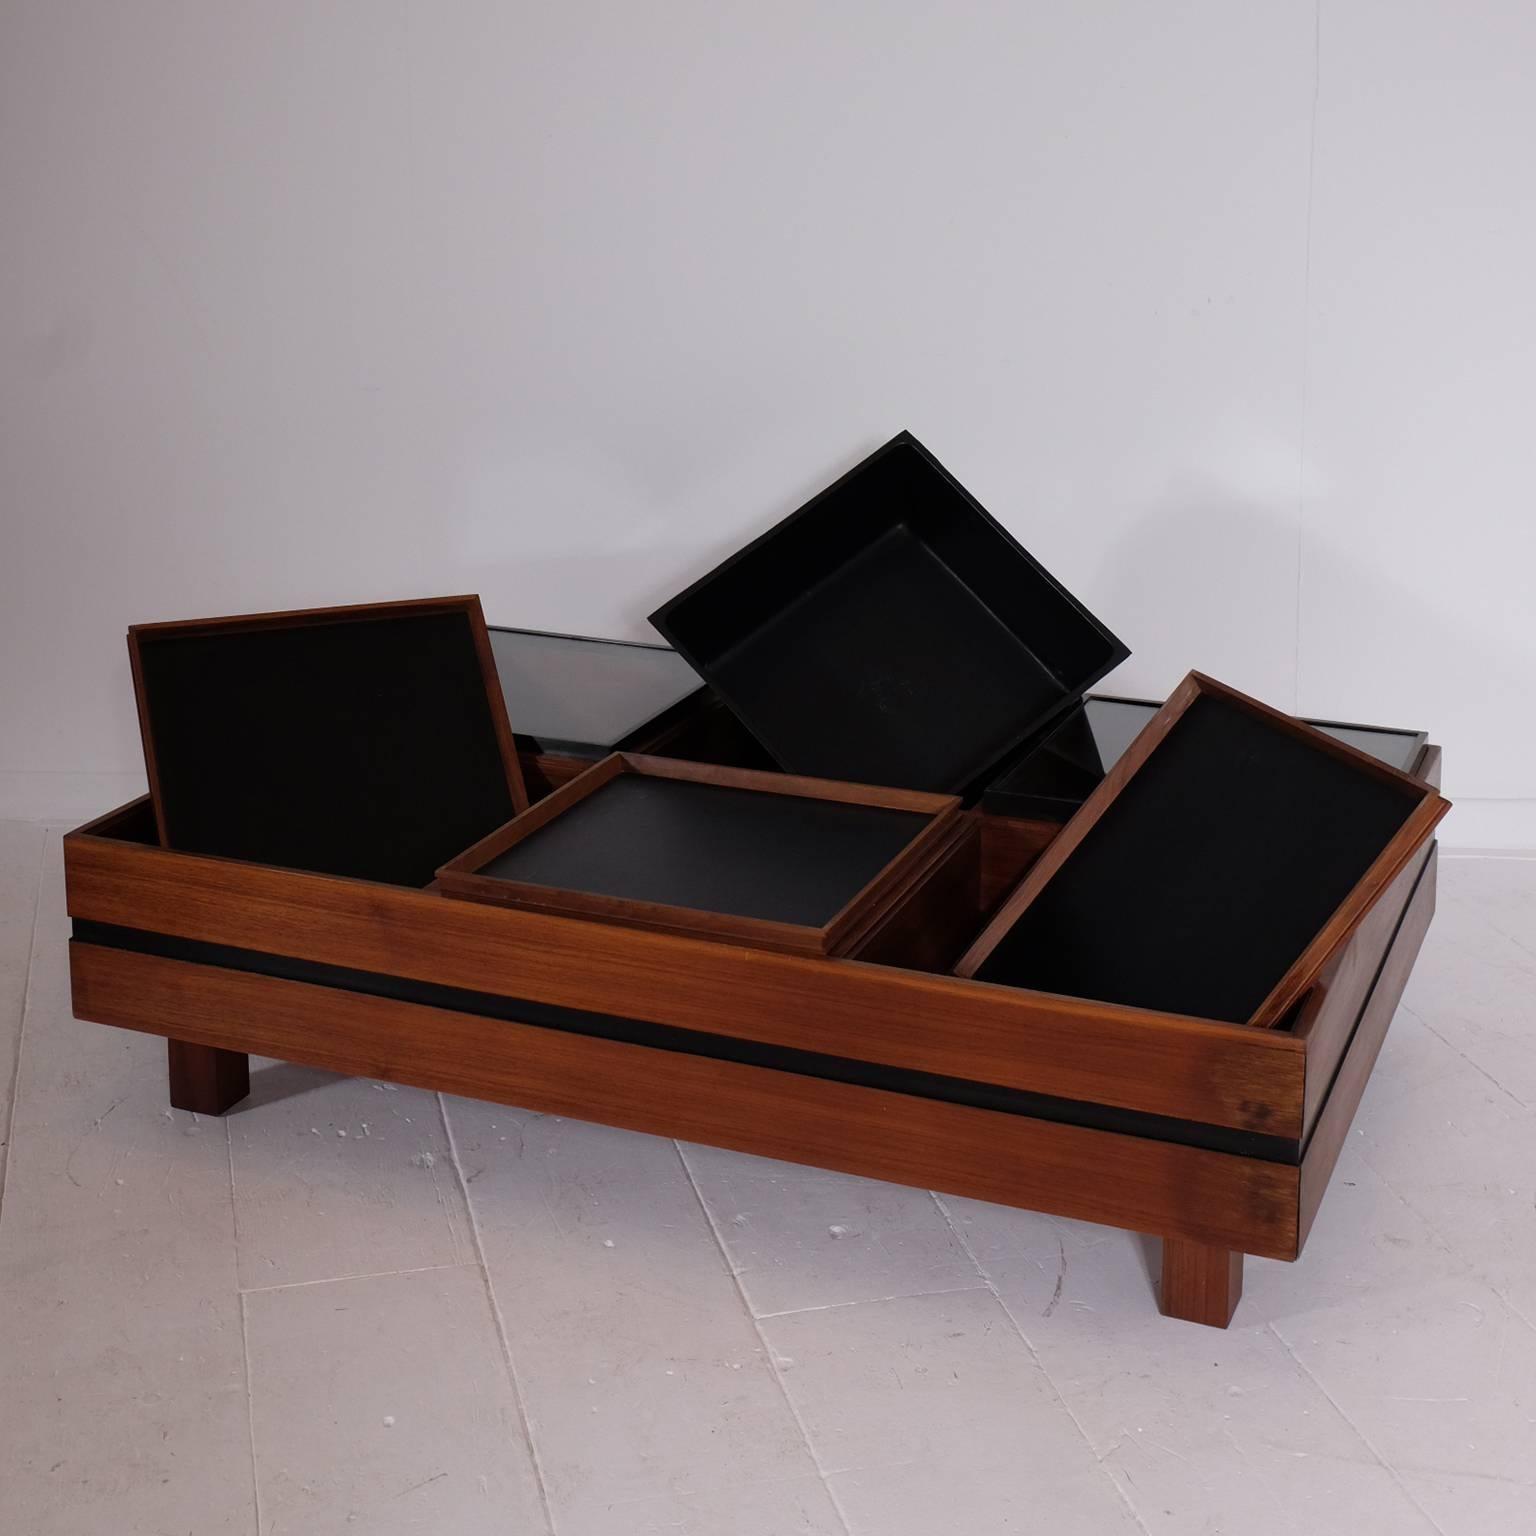 Modular Italian Coffee Table, By Sormani For Sale 1
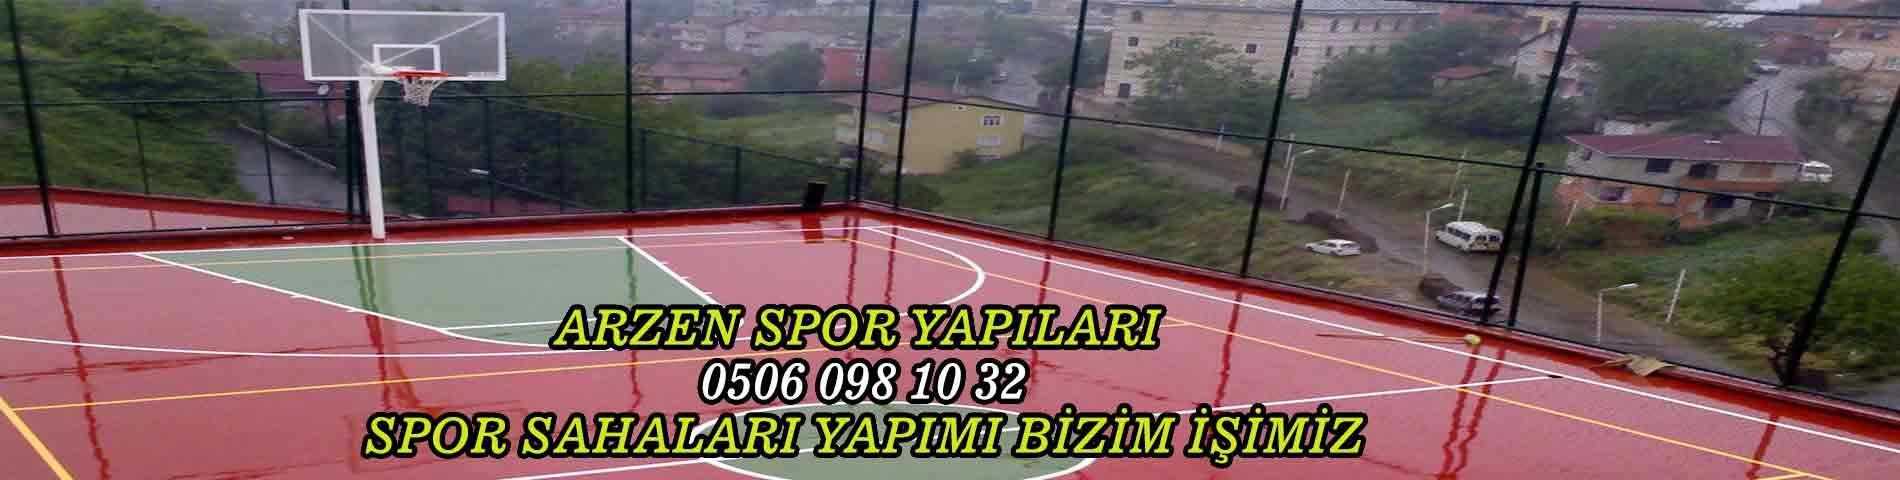 basketbol sahası yapım firması
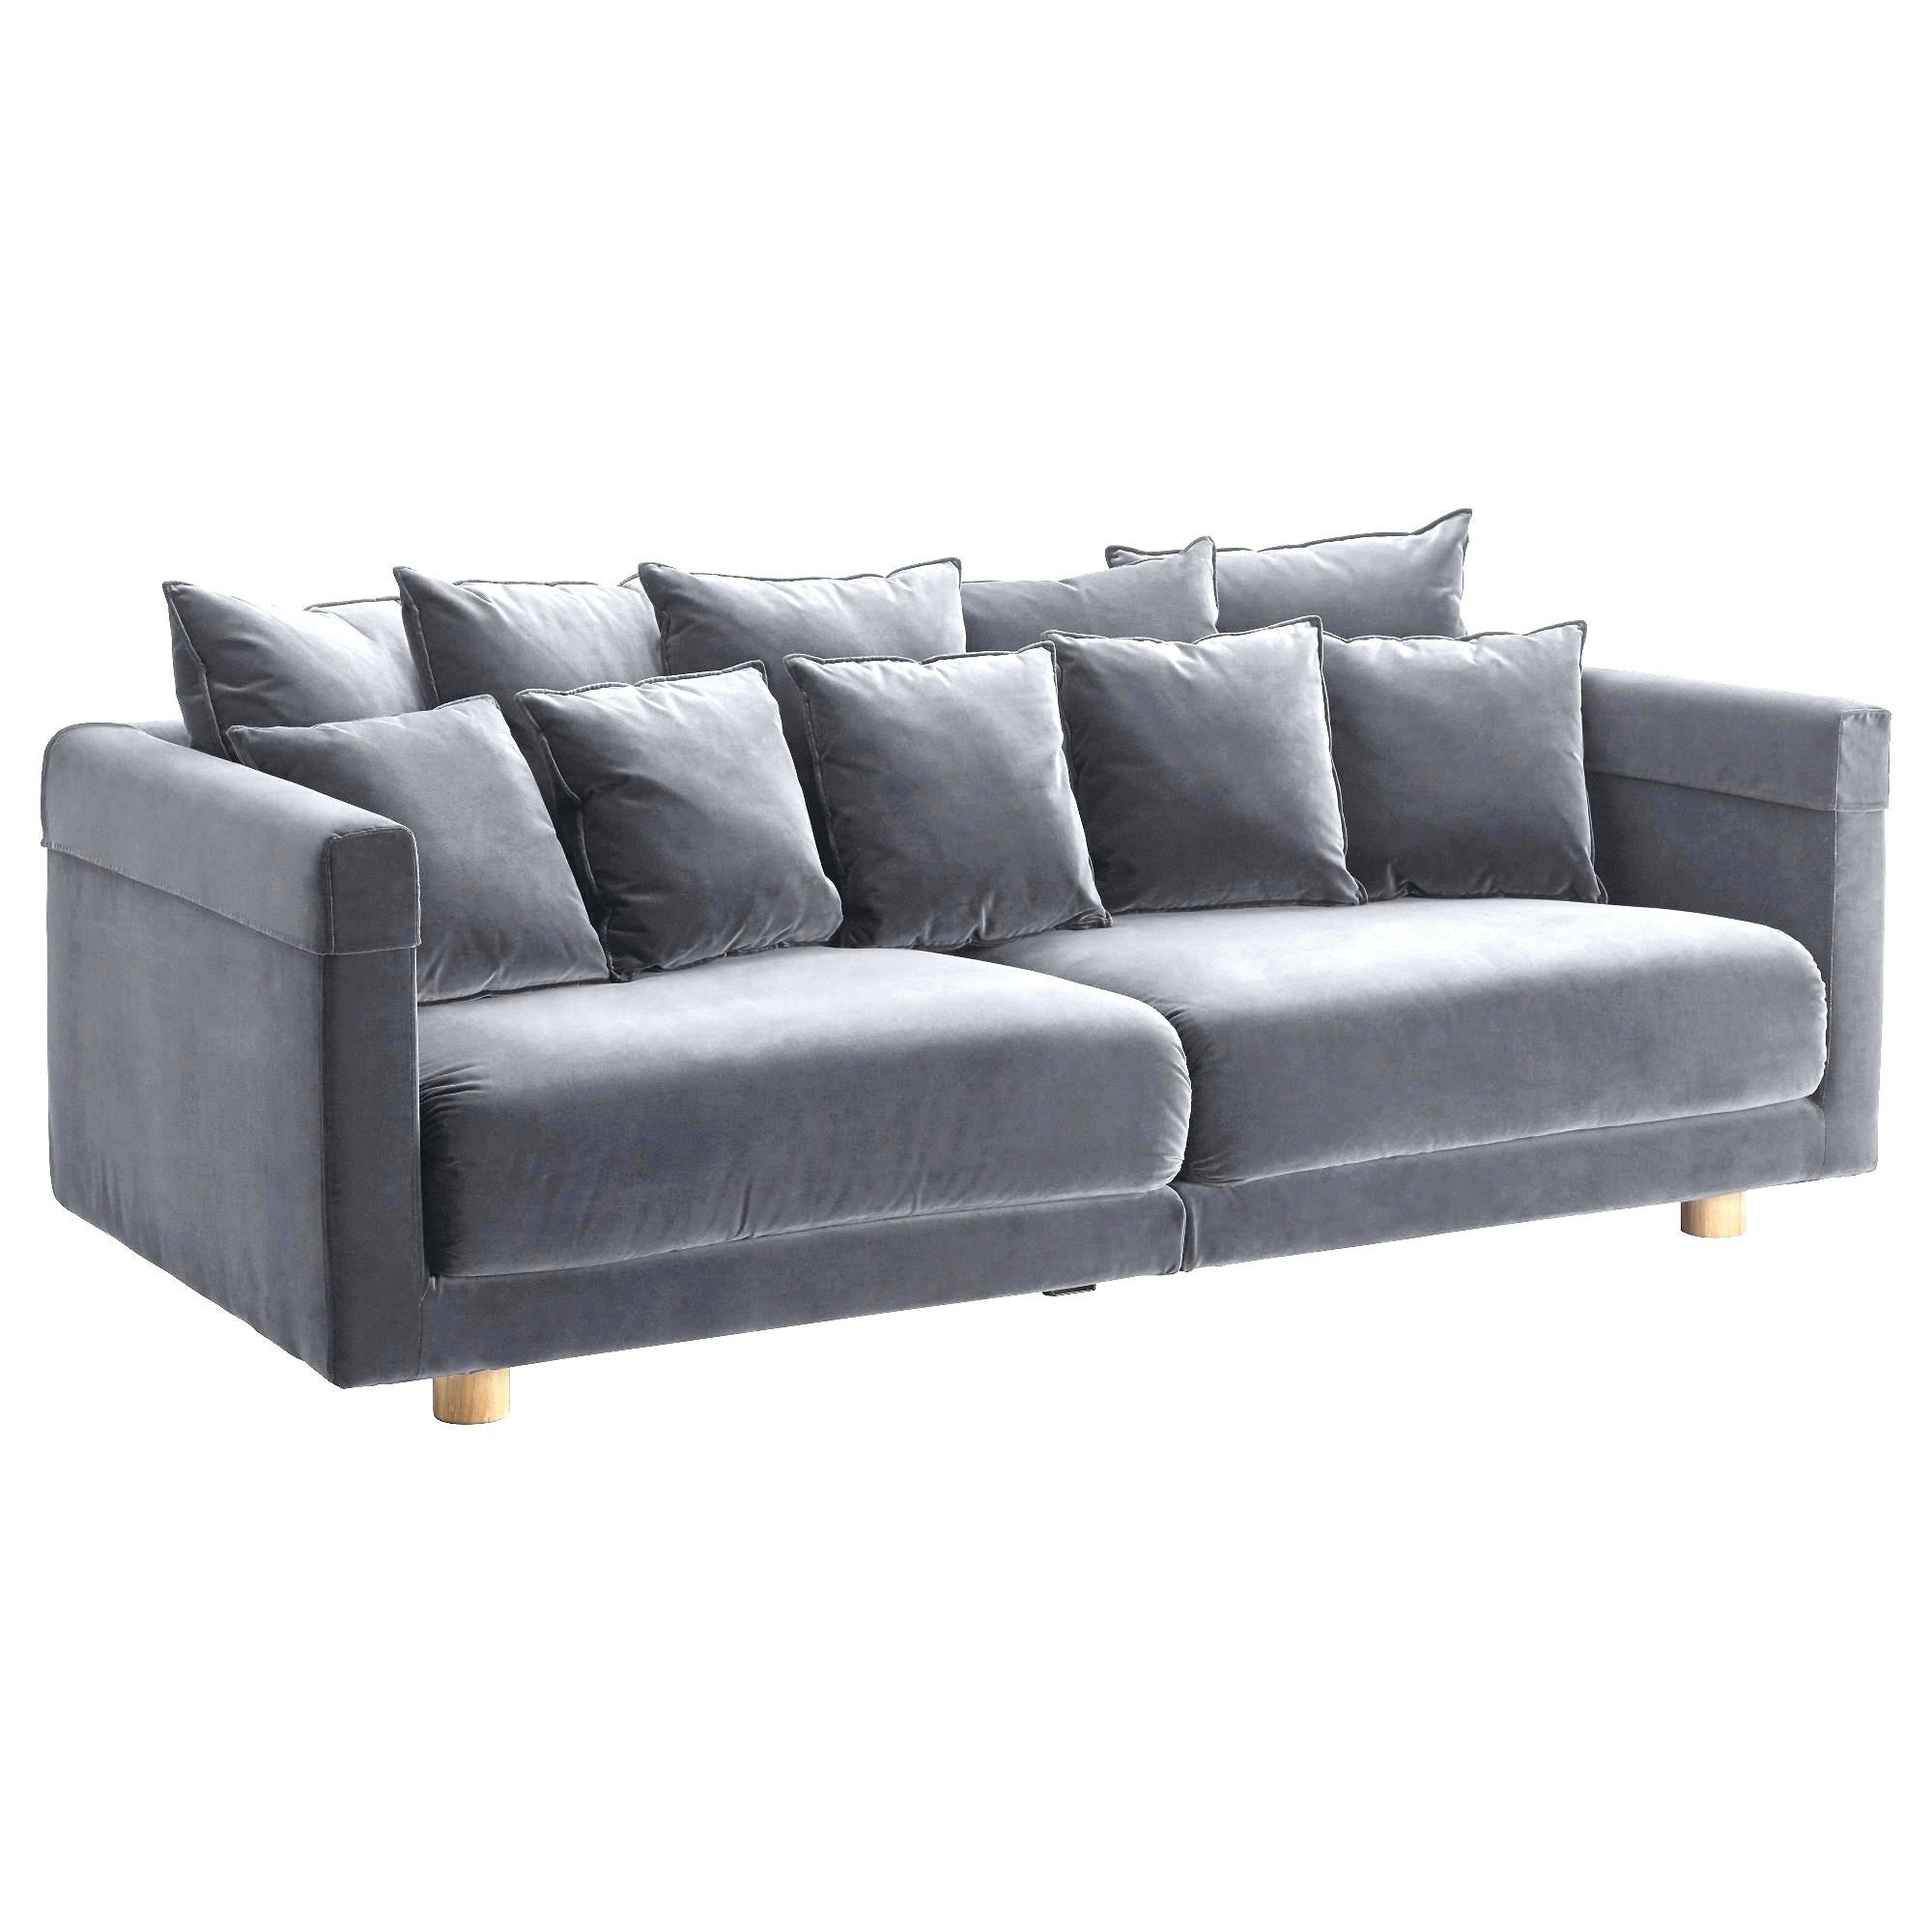 Fundas sofa Baratas Carrefour E6d5 Hermosa Fundas Para sofas Carrefour Decoracià N Hogareà A

Problem statement: Repeat each line of the material exactly, please, and skip every picture.

Written response:
 Modular Italian Coffee Table, By Sormani For Sale 1
 basketbol sahası yapım firması
 Fundas sofa Baratas Carrefour E6d5 Hermosa Fundas Para sofas Carrefour Decoracià N Hogareà A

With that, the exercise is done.